На часах было девять вечера, а разговор уже исчерпал себя. Виски не приносило ни радости, ни покоя, поэтому они на автомате потягивали из своих стаканов.

– Хуан, ты говорил, что мы сможем выстоять в этой битве?

– Я говорил, что надеюсь на это. Если нет, все закончено.

– Все закончено для людей, – Кэн повторил на автомате, словно фразу из телепередачи.

Глава 6

Следующий день заседания Международного суда мало отличался от первого. Те же желтые ленты, скучающие журналисты, высокопарные слова на разных языках. Хуан зевал пятый раз за последние полчаса, журналист в первом ряду опасливо на него поглядывал, словно боясь быть проглоченным.

– Скука неимоверная.

– А что за женщина в начале нашего ряда?

– А эта? Это Мэрил Стайнс, она представляет Бельгию, – Хуан слегка хохотнул. – Это как с олимпиадой: стране-организатору должны обязательно дать медаль. Слышала что-то про репродуктологию бельгийскую? Вот и я не слышал. Но конкретно Стайнс хороша, да и не работает она в Бельгии. У нее клиника где-то в Калифорнии, что ли? Уж не знаю, каким образом уговорили ее вытащить из-под полы свой бельгийский паспорт, но согласилась она приехать только из-за одного человека.

– Из-за кого?

– Из-за тебя, Эни. Это было условие.

– В смысле?

– Джуну нужна была именно Бельгия для проведения этого фарса. Тут и законодательство повеселее, да и дом теперь его: люди, связи, ты понимаешь, – она кивнула. – Но правительство никак не соглашалось, мол, без нашего представителя невозможно столько потратить на организацию. Перерыв всевозможные списки, он обнаружил гражданство у Стайнс. Полетел к ней, долго уговаривал, но она ни в какую. Тогда он предоставил фамилии участвующих коллег, Стайнс обратила внимание на твою и согласилась. О причинах не упоминала. Я думал, она еще в первый день к тебе подойдет, но, как видишь, делает вид, что не знает тебя.

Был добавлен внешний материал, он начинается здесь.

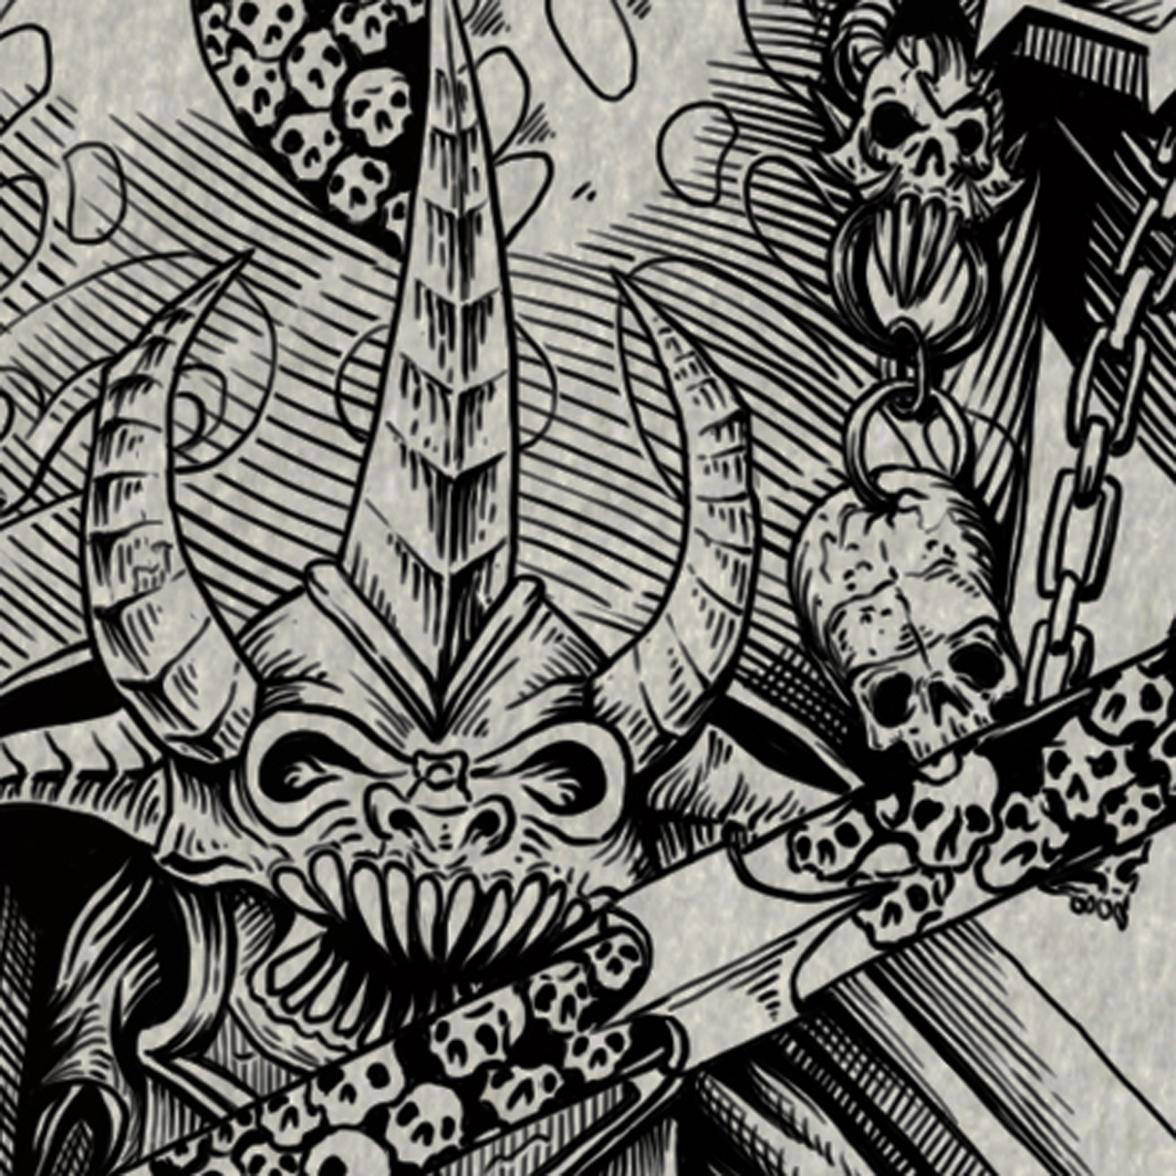 WARHAMMER 40k Khorne (detail)

– Она и правда меня не знает.

Хуан развел руками.

– Никто так и понял этой смены гнева на милость. Джуну она была нужна, он сильно и не спрашивал.

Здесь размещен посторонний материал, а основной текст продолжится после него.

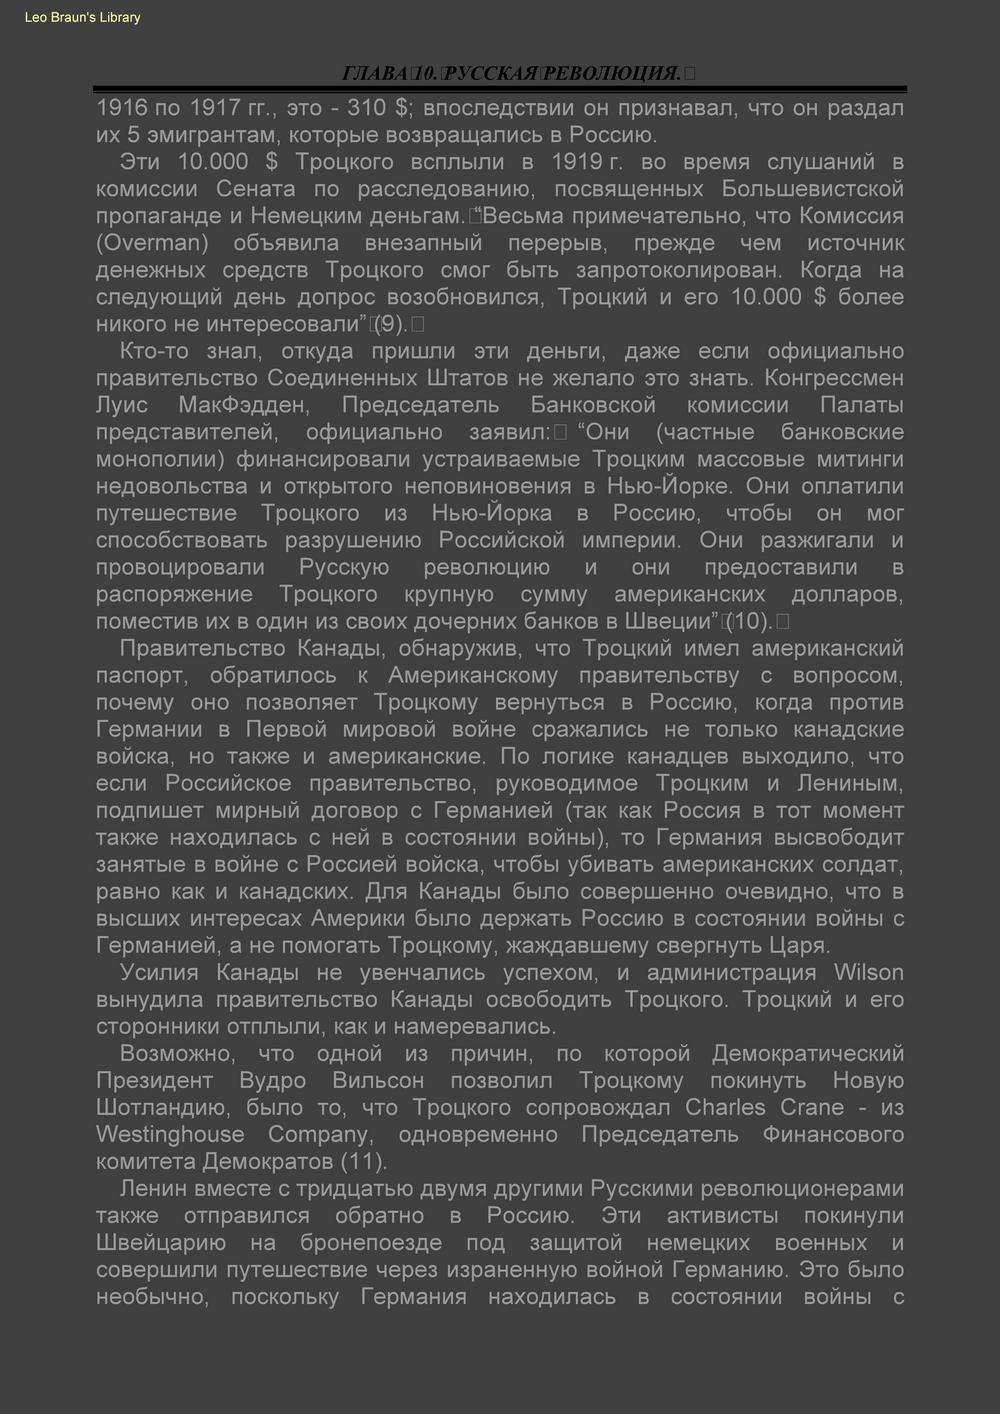 http://i2.imageban.ru/out/2014/01/03/3e0d223772a5274c9e1ad95c4361c219.jpg

– Да, как и меня. Внести в списки и даже не спросить, согласна ли я в этом участвовать.

– Он знал, что ты откажешься. По личным причинам. Поэтому тебя просили в вашем Министерстве, – Анна пристально посмотрела на друга, он осекся на полуслове. – Ты же знаешь его возможности.

– Да, Хуан, я прекрасно знаю его возможности, – она чеканила каждое слово и буравила его глазами.

– Мое сообщение тебе ничего бы не решило. Только испортило бы нашу первую вечеринку по приезде.

– А так она превратилась в попойку в баре.

– Говори за себя, – Кэн подмигнул им двоим и поднес палец к губам, призывая обратить внимание на полукруглую кафедру перед ними.

К концу второго дня перечисления бесконечных списков участников, их достижений и значимости в жизни общества, зачитывания протоколов заседаний на пяти языках и бесконечных зевков Хуана дверь шумно распахнулась и в зал влетел Джун.

Высокий, что совсем нетипично для корейца, смуглый, с взъерошенными густыми волосами он летел к кафедре походкой юноши, не обращая внимания на окружающих людей, встающих его приветствовать, на журналистов, расступающихся перед ним как море, на оживившийся зал. Он все еще был красив, с правильными чертами азиатского лица и светло-голубыми, почти прозрачными глазами. Взгляд этих глаз был холоден и резок как лед на морозе, это было видно даже с последних рядов. Простое поло небесного цвета он нес словно мантию короля, стильные темно-синие брюки по фигуре подчеркивали непринужденность его отношения к заседанию. Вокруг все были в деловых костюмах.